Warner told members of the Greater Des Moines Partnership that "in order to appeal to more voters, the party ought to avoid alienating wealthier Americans."
"I think the Kerry campaign missed something," Warner, who is weighing a 2008 presidential campaign, told about 50 local business leaders.

"Even though the Bush tax cuts only applied to the top 2 percent of Americans, what I think the Kerry campaign missed was that the other 98 percent of Americans still aspired to get to the point in their life where they could qualify for the tax cuts."

Where is the logic in this? By and large Democrats across the board opposed the Bush tax cuts and here comes Mark Warner telling us all that we're wrong. Warner misses the point that a large percentage of the other 98 percent of Americans are aspiring just to make damn ends meet and the last thing they are thinking about is qualifying for that 2 percent pie in the sky bracket that the majority of the American public will NEVER qualify for.

What this sounds like to me is Mark Warner worrying about protecting self-serving interest, his tax cut as a millionaire. Did Warner pay attention during the '04 campaign when Kerry talked about the fact that he personally would rather see working americans get much needed health care coverage, than receive another tax cut. And Kerry isn't the only Democrat who speaks to the Democratic party from the gut and understands that the needs of the masses are for more important than the avaricious goals of the few -- I'm talking Bill Clinton, John Edwards and ted kennedy to name a few, all who say they don't need another tax cut at the cost of Americans going with out health care.

While most Democrats are fighting to end poverty, raise the minimum wage, secure healthcare for all, Mark Warner is pimping to the rich.

Warner said yesterday that "wealthier Americans may be willing to support what would essentially be an income-tax increase, but only if it is portrayed as part of a fiscal strategy that includes trimming government waste and curbing spending.

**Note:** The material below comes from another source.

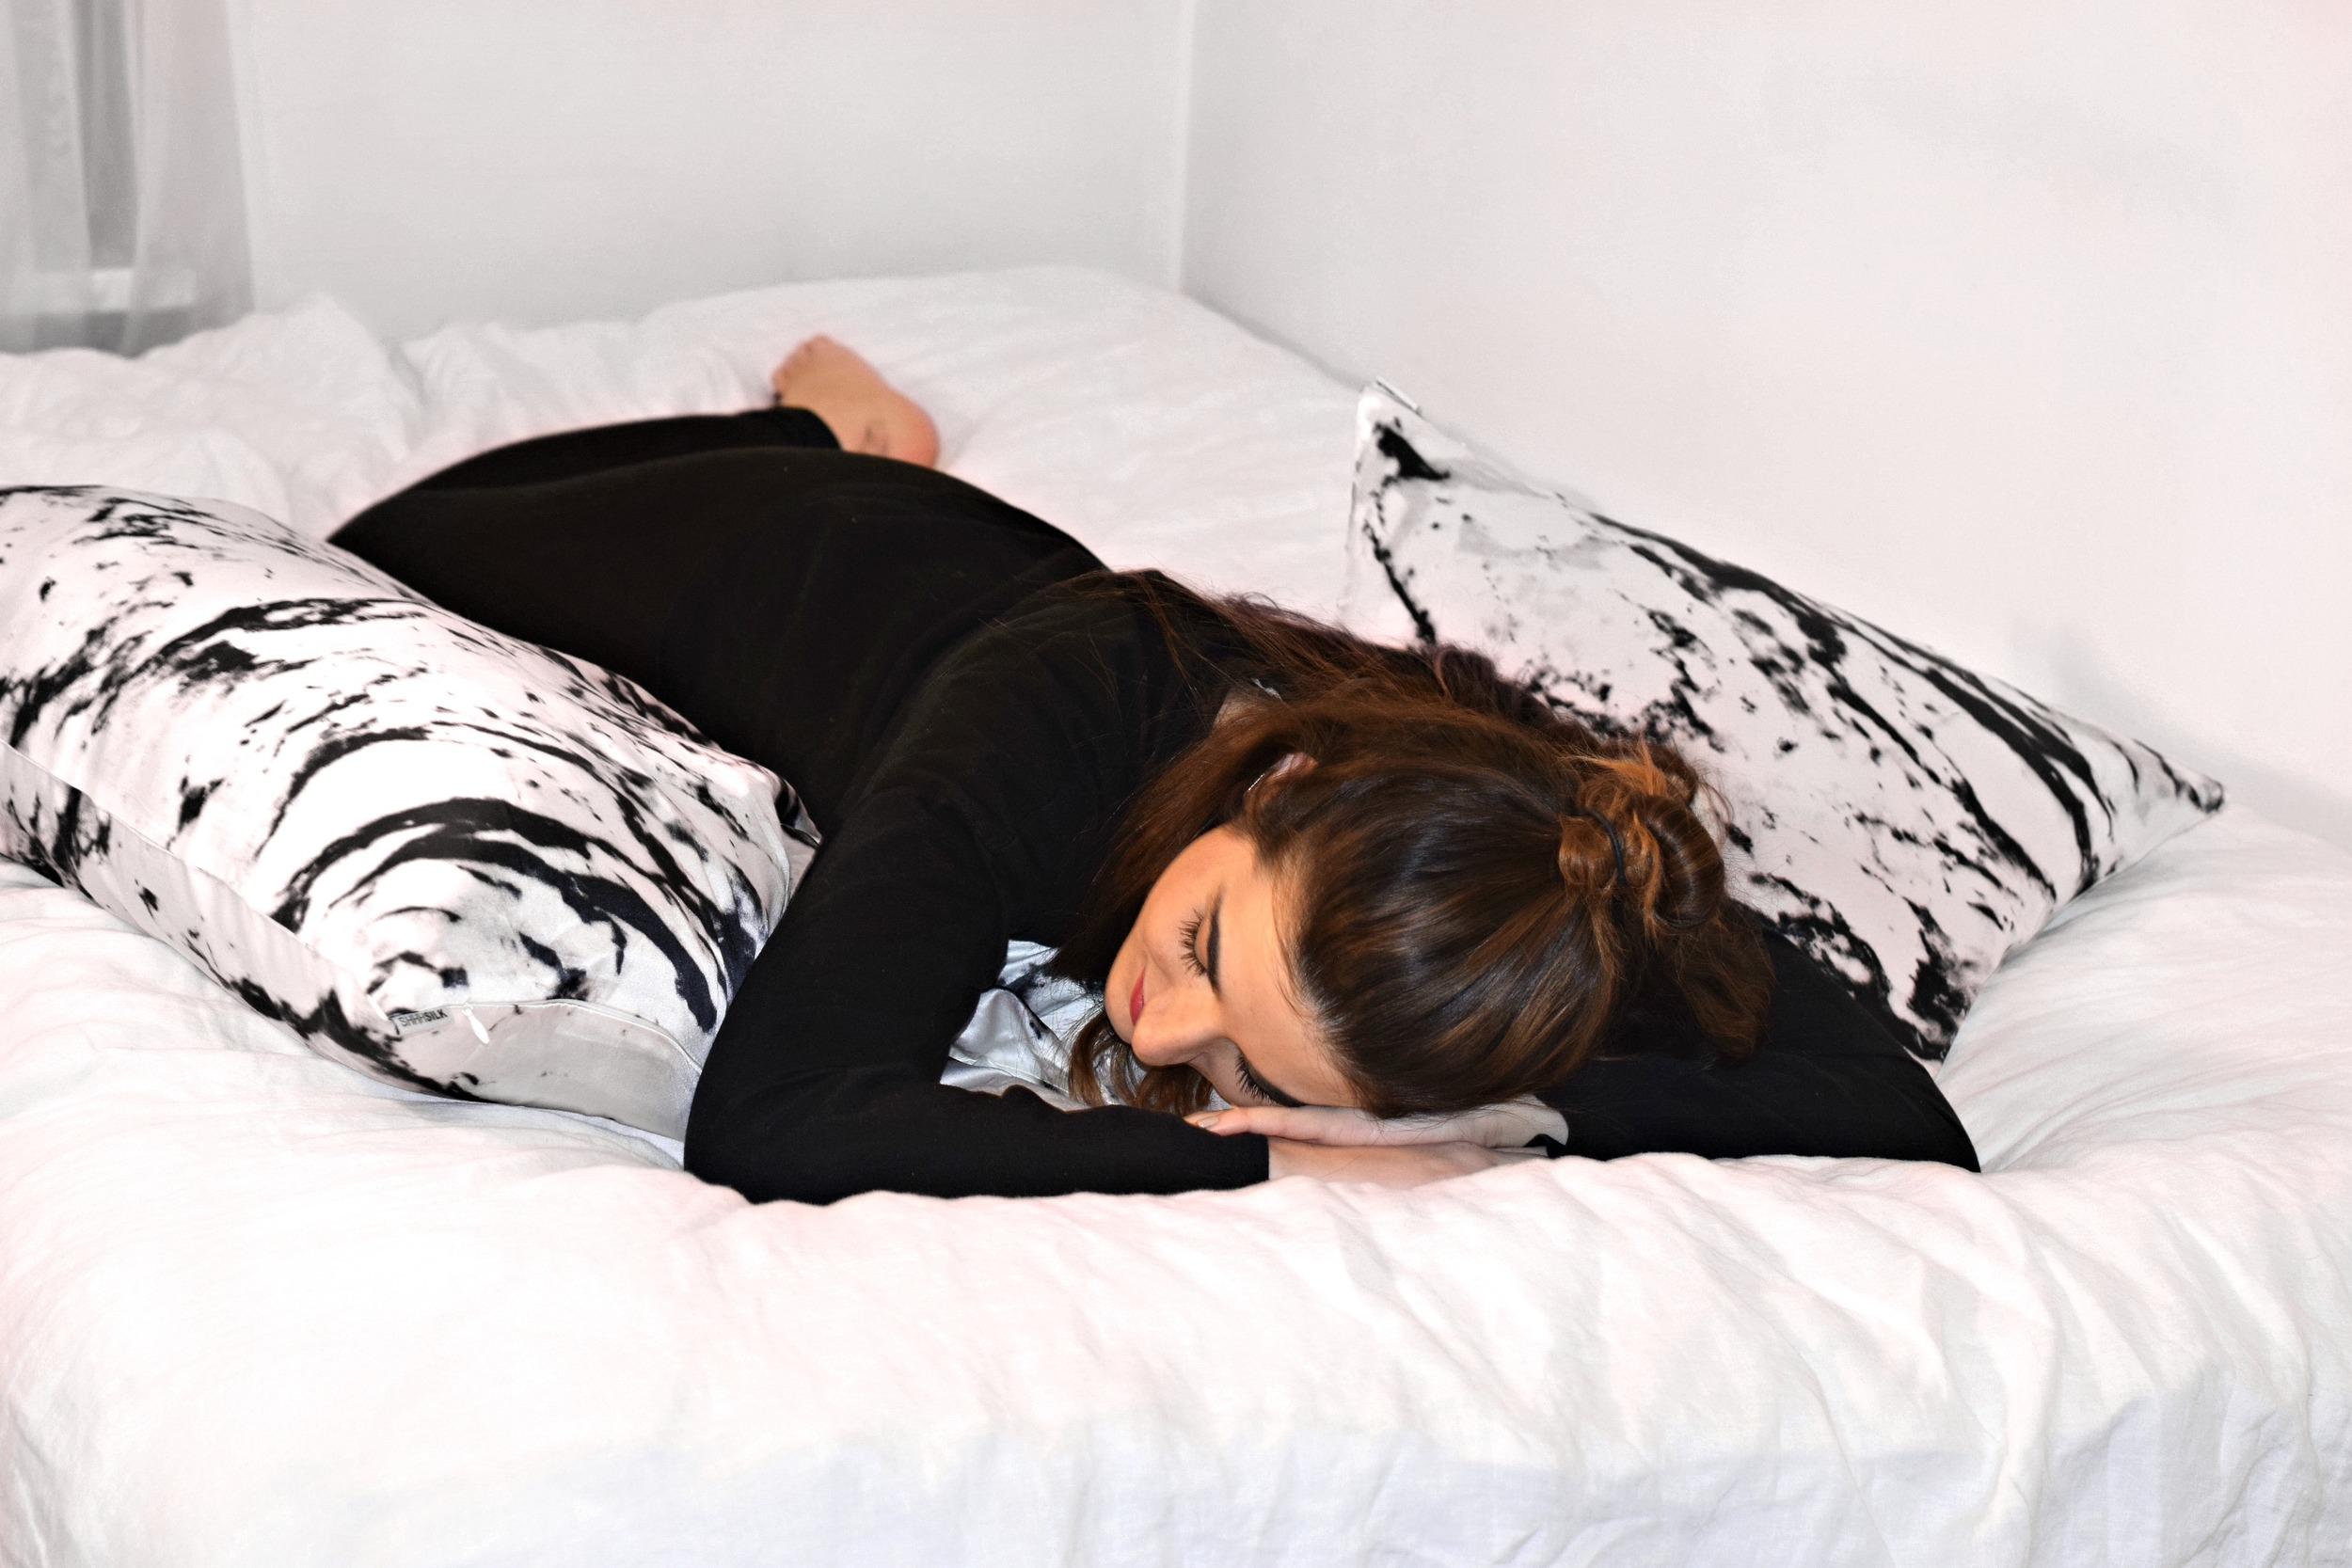 Marble Pillowcases Shhh Silk Louboutins & Love Fashion Blog Esther Santer NYC Street Style Blogger Black Outfit Bed Photoshoot Girl Women White Inspo Inspiration Trendy Wear Shop Topknot Buy Bedding Australia New York City Bedroom Pretty Need Shirt.jpg
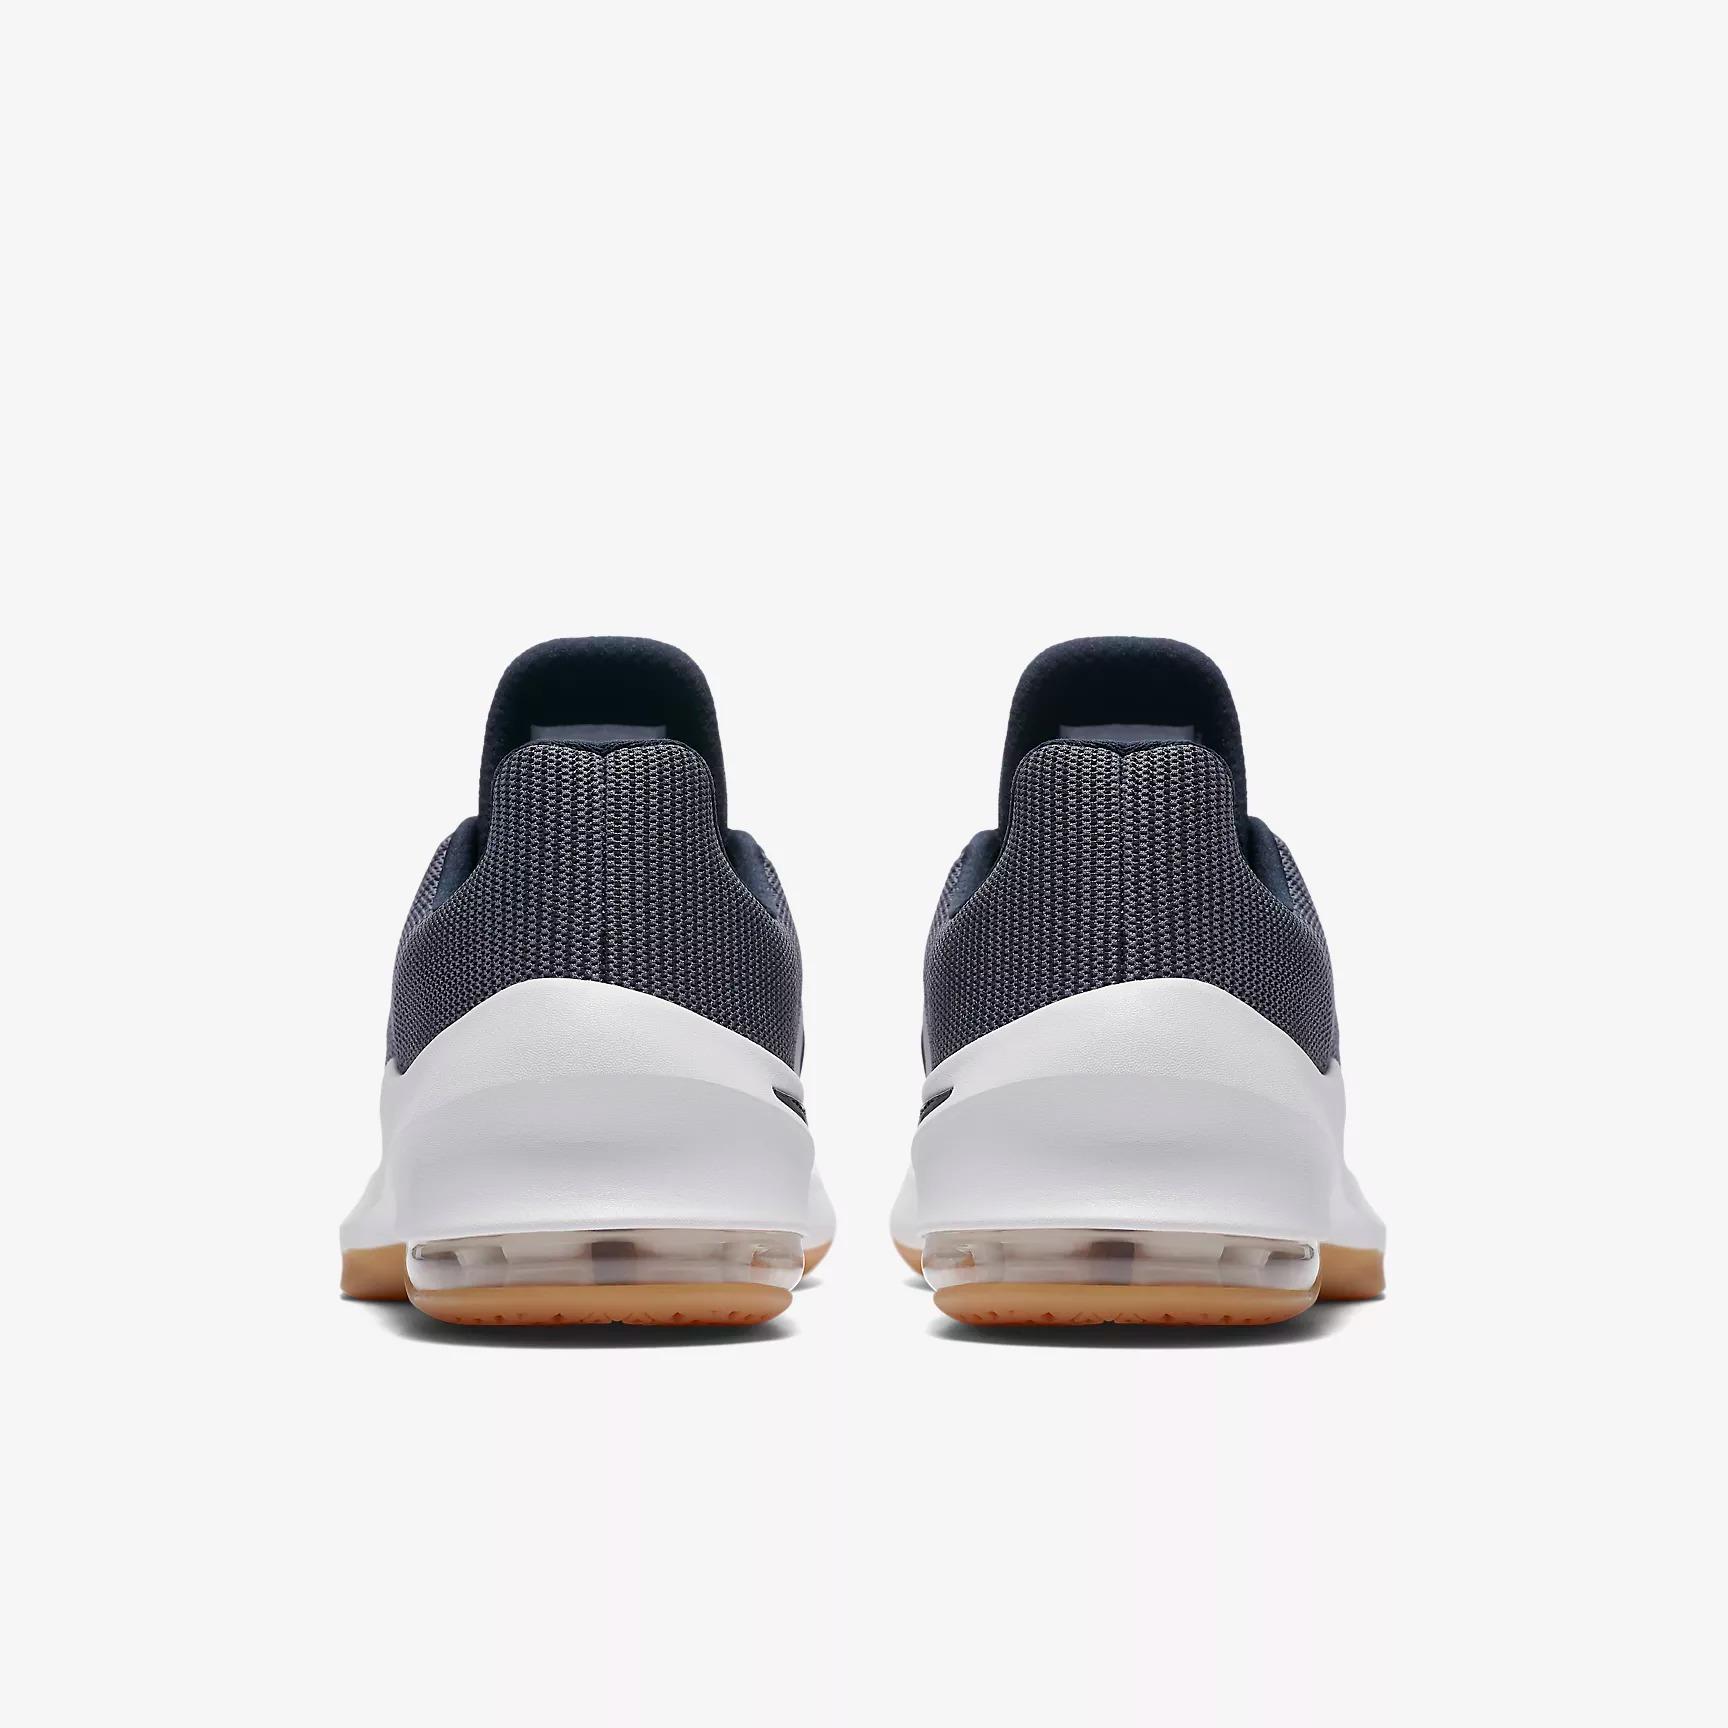 5cd64bbf9a236 Nike Air Max Infuriate 2 Low - BASKETBALL SHOES NIKE Basketball ...

During the '04 campaign, John Kerry called for repealing the rate cuts on the top two income brackets. Yesterday, Kerry spokesman David Wade characterized the same idea as a generational responsibility to Americans -- something John Kerry spoke about in his speech yesterday at Pepperdine University.
"Senator Kerry believes that most Americans understand that leaving the tab for the next generation is unconscionable and investing in opportunity is good for all of us," David Wade said.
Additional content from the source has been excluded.